Polyolefins, such as polyethylene (PE), are synthesized by polymerizing monomers, such as ethylene (CH2═CH2). Because it is cheap, safe, stable to most environments and easy to be processed polyolefins are useful in many applications. Polyethylene can be classified into several types, such as but not limited to LDPE (Low Density Polyethylene), LLDPE (Linear Low Density Polyethylene), and HDPE (High Density Polyethylene) as well as High Molecular Weight (HMW), Medium Molecular Weight (MMW) and Low Molecular Weight (LMW). Each type of polyethylene has different properties and characteristics.
Olefin (such as ethylene) polymerizations are frequently carried out in a loop reactor using monomer (such as ethylene), diluent and catalyst, optionally an activating agent, optionally one or more co-monomer(s), and optionally hydrogen.
Polymerization in a loop reactor is usually performed under slurry conditions, with the produced polymer usually in a form of solid particles suspended in diluent. The slurry is circulated continuously in the reactor with a pump to maintain efficient suspension of the polymer solid particles in the liquid diluent. Polymer slurry is discharged from the loop reactor by means of settling legs, which operate on a batch principle to recover the slurry. Settling in the legs is used to increase the solid concentration of the slurry finally recovered as product slurry. The product slurry is further discharged through heated flash lines to a flash tank, where most of the diluent and unreacted monomers are flashed off and recycled.
Optionally, the product slurry may be fed to a second loop reactor serially connected to the first loop reactor wherein a second polymer fraction may be produced. Typically, when two reactors in series are employed in this manner, the resultant polymer product is a bimodal polymer product, which comprises a first polymer fraction produced in the first reactor and a second polymer fraction produced in the second reactor, and has a bimodal molecular weight distribution.
After the polymer product is collected from the reactor and the hydrocarbon residues are removed, the polymer product is dried, additives can be added and finally the polymer may be mixed and pelletized.
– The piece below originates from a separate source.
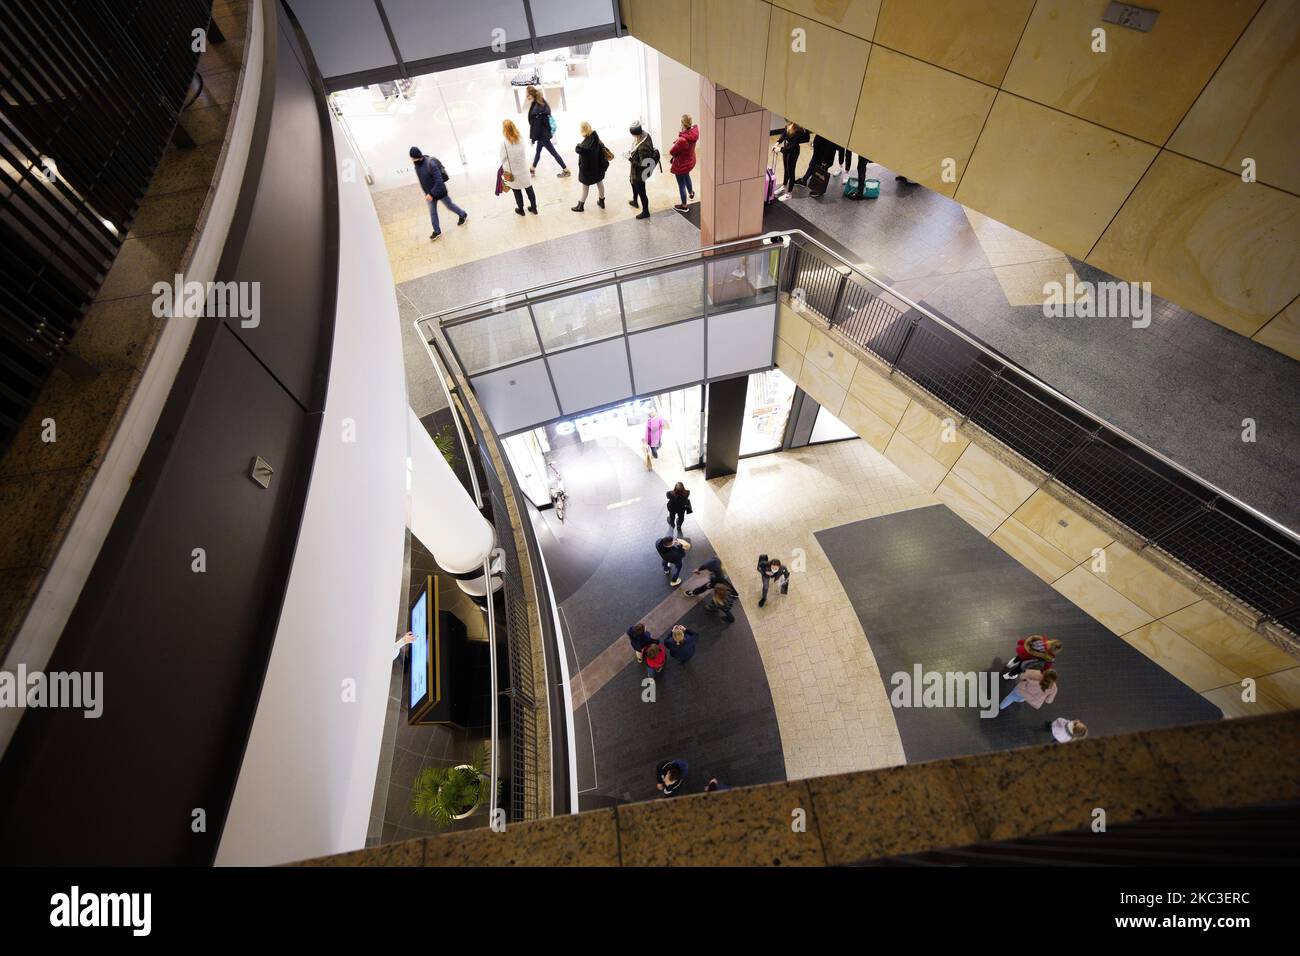 People wait in line at a fashion ratailer at a shopping mall in Warsaw, Poland on November 6, 2020. A partial lockdown will be imposed for two weeks starting on Saturday across the entire country. Daily cases of coronavirus infections have kept rising in the last two weeks despite restaurants and bars having been closed in addition to implementing distance learning for most grades in schools. To prevent a collapse of the overburdened healthcare system the Prime Minister's office announced new restrictions including the closing of shopping malls, hotels for tourists and mandatory distance learn Stock Photo
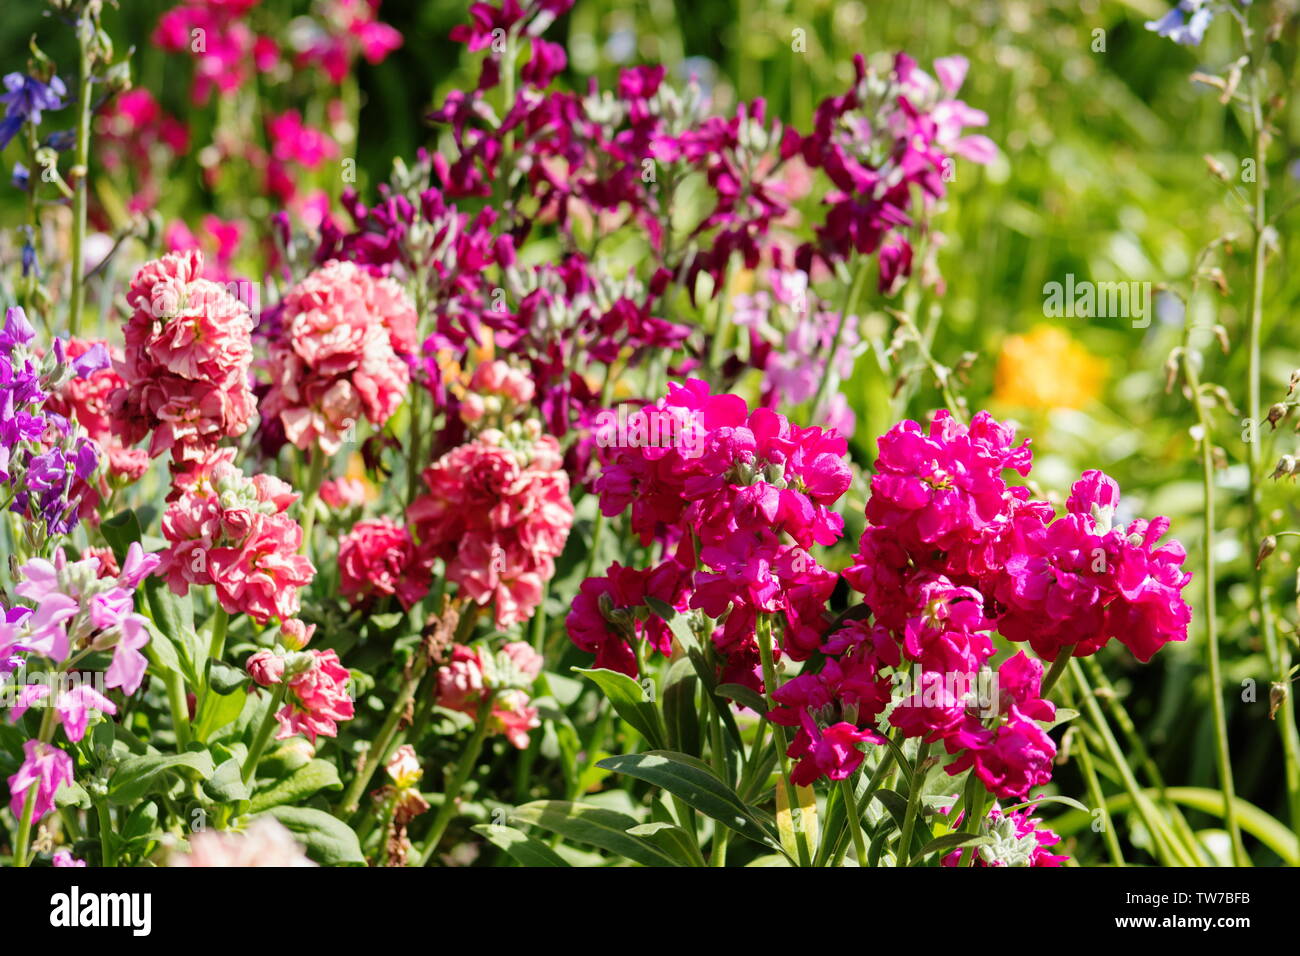 Matthiola incana, known as hoary stock, is a species of flowering plant in the genus Matthiola. Stock Photo

During the mixing step, polymer product and optional additives are mixed intimately in order to obtain a compound as homogeneous as possible. Preferably, mixing is done in an extruder wherein the ingredients are mixed together and the polymer product and optionally some of the additives are melted so that intimate mixing can occur. The melt is then extruded into a rod, cooled and granulated, e.g. to form pellets. In this form the resulting compound can then be used for the manufacturing of different objects.
Production of polyolefin involves the polymerization of olefin monomer in the reactor in the presence of a catalyst and optionally, if required depending on the used catalyst, an activating agent. Typically, the catalyst is used in particulate form. The polyolefin is produced as a resin/powder with a hard catalyst particle at the core of each grain of the powder.
We have found that production of polyolefin can lead to complications such as partial—or even complete—blockage of the loop reactor. These problems can be even more pronounced with particular polyolefins, such as polyethylenes. Blockage may require stopping the production process and unclogging and cleaning the reactor before production can be restarted. In view of the above, there remains a need in the art for an improved polyolefin production process, particularly for polyethylene and the present invention aims to provide such improvements.